In order to use the AzureCLI task you’ll need to create a New Service Connection within Project Settings and you’ll want to use the Azure Resource Manager type Service connection and a service principal you’ve created.

You can create a Service Principal in Azure with:

>> az ad sp create-for-rbac --name azure-devops

Fill the relevant information into the Azure DevOps UI for Service Connections and use Verify connection to ensure everything is working as it should.

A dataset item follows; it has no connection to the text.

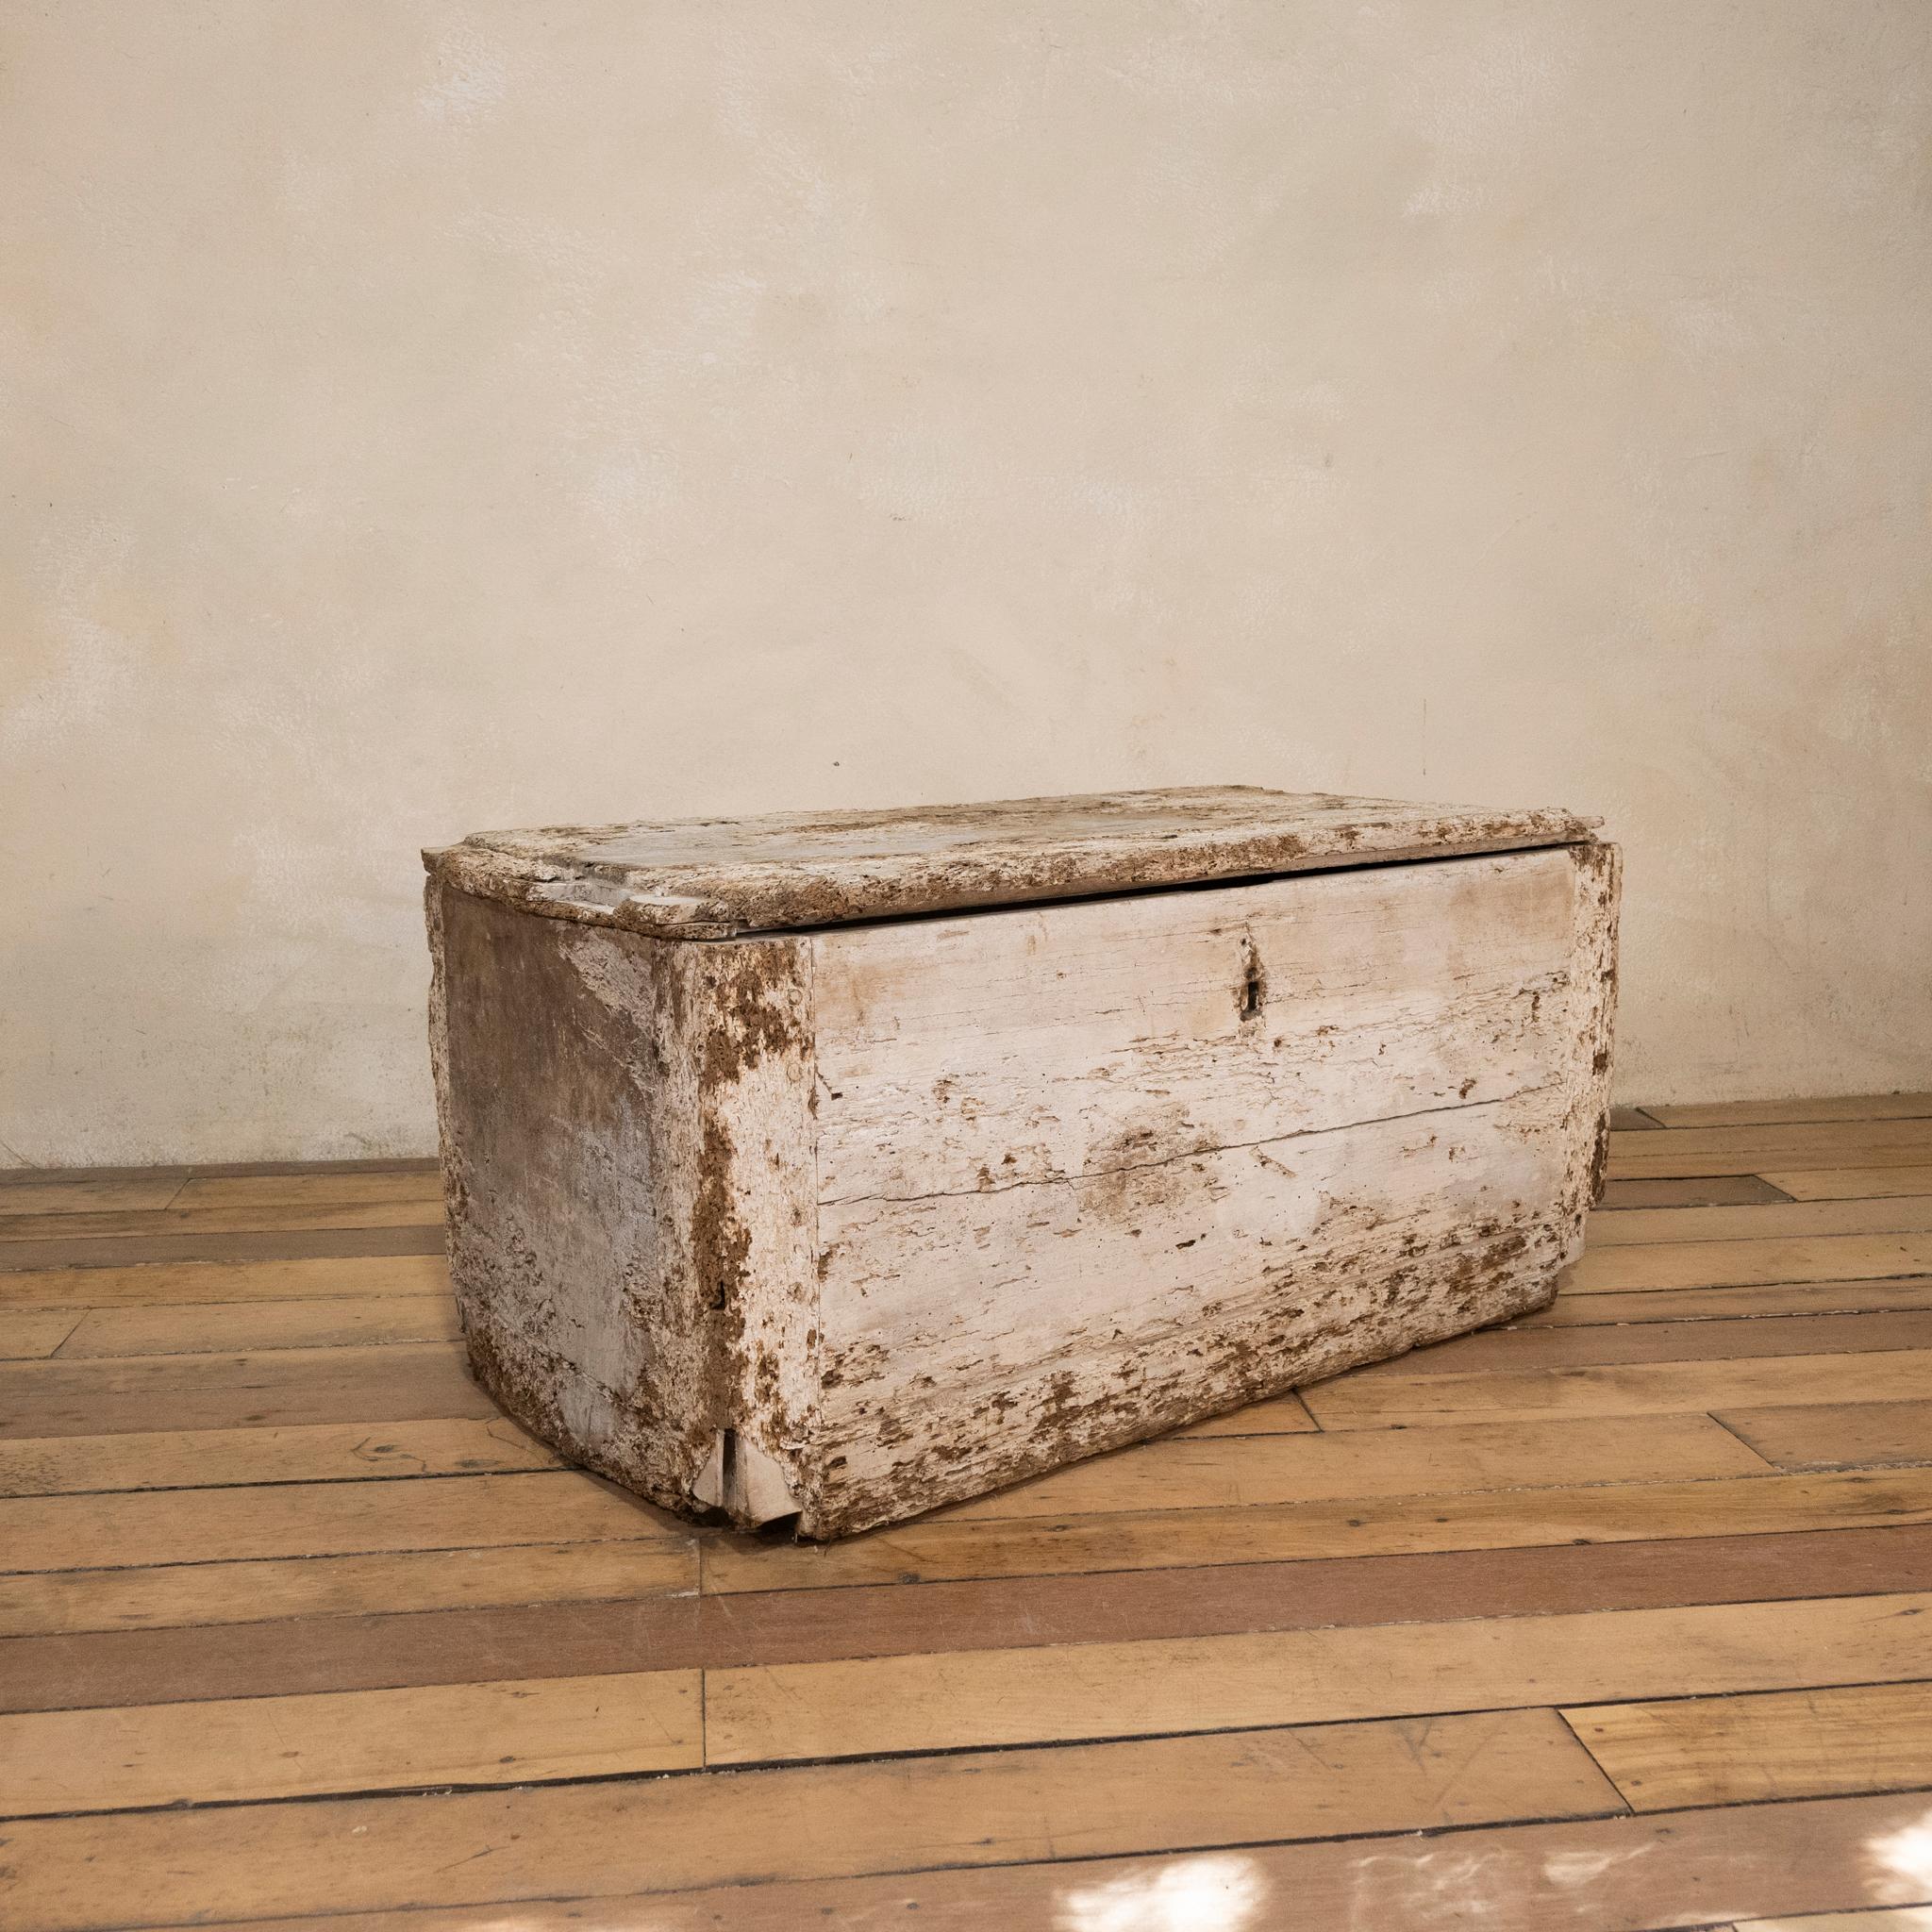 A mid 19th-century rustic country house trunk. Featuring a period whitewash to the exterior. The historic woodworm has created a charming raw design while still being of sturdy solid construction. A lovely piece that would lend itself well as use as

Add an Azure Resource Manager service connection

You can now use the AzureCLI task to complete the update-batch subcommand and copy our _site directory contents to Azure. In my case I named my Service connection “imperfect” and I’m using a Storage Account named “azurepatterns” and copying into the $web container that serves requests for my website.

- task: AzureCLI@1
  displayName: Copy data to storage acct
  inputs:
    azureSubscription: imperfect
    scriptLocation: inlineScript
    inlineScript: |
      echo "Running az script."
      az storage blob upload-batch \
        --destination \$web \
        --account-name "azurepatterns" \
        --source "_site"

Azure CDN Purge

At this point you might be done depending on whether or not you are using a CDN to distribute content and/or a certificate. If you are using a CDN you’ll need to to purge the content in the CDN so the new website content is distributed.

- task: AzureCLI@1
  displayName: purge CDN contents
  inputs:
    azureSubscription: imperfect
    scriptLocation: inlineScript
    inlineScript: |
       echo "Purging cdn content"
       az cdn endpoint purge \
        --name azurepatterns \
        --profile-name azurepatternscdn \
        --resource-group azurepatterns \
        --content-paths '/*'

Conclusion

And there you have it. You should now be able to make changes to your GitHub repository’s master branch and have those changes published automatically by this pipeline.